5. Attack detection based on prediction consistency

python imagenette-detection.py --is_adv 1 --num_input 0 --img_folder imagenette_5_square_1feature_transfer_adv_comp_007  \
        --source_folder imagenette_square_5_npy_test_adv_result_007 --noise_percentage 0.07 \
        --radius 51 --second_folder imagenette_5_square_2feature_transfer_adv_comp_007 --target 5 \
        --save_folder ./ --patch_type square --model_path ./imagenette-model/resnet18-imagenette.pt
  • --source_folder: The test images that we want to test whether they are adversarial or not
  • --img_folder: first folder that contains the hold-out images transplanted with salient features from the test images
  • --second_folder: second folder that contains another set of hold-out images transplanted with salient features from the test images
  • --radius: a tag for labeling the output folder
  • --noise_percentage: a tag for labeling the output folder

6. Identify the image regions for inpainting (attack mitigation)
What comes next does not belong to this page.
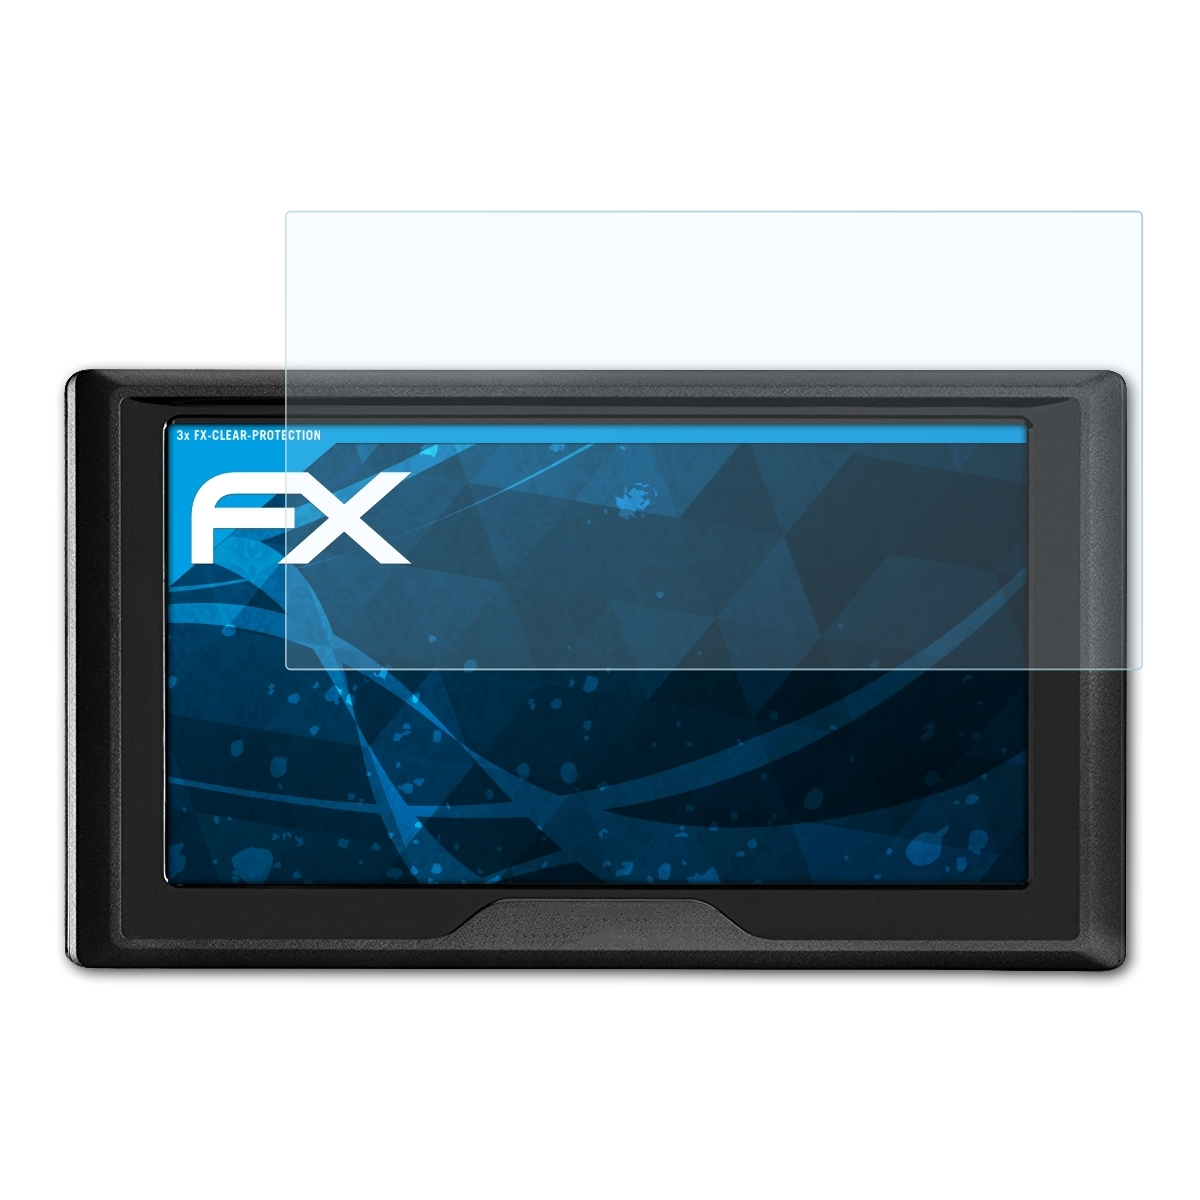 Garmin 3x Drive 61LMT-S) Displayschutz(für FX-Clear ATFOLIX

python get_coordinate.py --saliency_folder ./imagenette_square_5_npy_test_adv_saliency_007 \
                                          --img_folder ./imagenette_5_square_r51_adv_test_detected_007 
  • --img_folder: Test images on which we want to perform image inpainting
  • --saliency_folder: Saliency maps of the test images, used for locating the regions to perform inpainting

7. Perform image inpainting

Go to ./Pluralistic-Inpainting and run:

python test.py --name imagenet_random --mask_type 4 --img_file ../imagenette_5_square_r51_adv_test_detected_007_with_coordinate \
            --results_dir ./imagenette_square_5_r51_adv_test_detected_007_100/ --mask_pert 1. --is_square_patch 1 --batchSize 16 
  • --img_file: images on which we perform inpainting
  • --results_dir: output directory for the inpainting output. For each image, it will generate 3 different files: 1) the original image (xx_yy=pp=qq_truth.npy); 2) the image placed with a mask (xx_yy=pp=qq_mask.npy); 3) the image after being inpainted (xx_yy=pp=qq_out_0.npy)
  • --mask_pert: percentage of pixels to mask. E.g., 0.5 means we mask 50% of the pixels within the salient feature region.
  • --is_square_patch: indicate whether to draw a square mask or rectangular mask.

8. Attack mitigation

Go back to the main directory and run:

python imagenette-mitigation.py --img_folder Pluralistic-Inpainting/imagenette_square_5_r51_adv_test_detected_007_100 \
    --input_tag out_0 --normalize 1 --input_size 0 --extract_label 1  --model_path ./imagenette-model/resnet18-imagenette.pt 

python imagenette-mitigation.py --img_folder Pluralistic-Inpainting/imagenette_square_5_r51_org_test_misdetected_007_100 \
    --input_tag out_0 --normalize 1 --input_size 0 --extract_label 0  --model_path ./imagenette-model/resnet18-imagenette.pt
  • --img_folder: output folder from image inpainting (step 6.2)
  • --input_tag: set out_0 if you want to compare the original image with the inpainted image; set mask if you want to compare the original image with the masked image without inpainting
  • --normalize: whether to perform image normalization before inference
  • --extract_label: whether to extract the ground-truth label, which can be used to determine whether the mitigation is successful or not.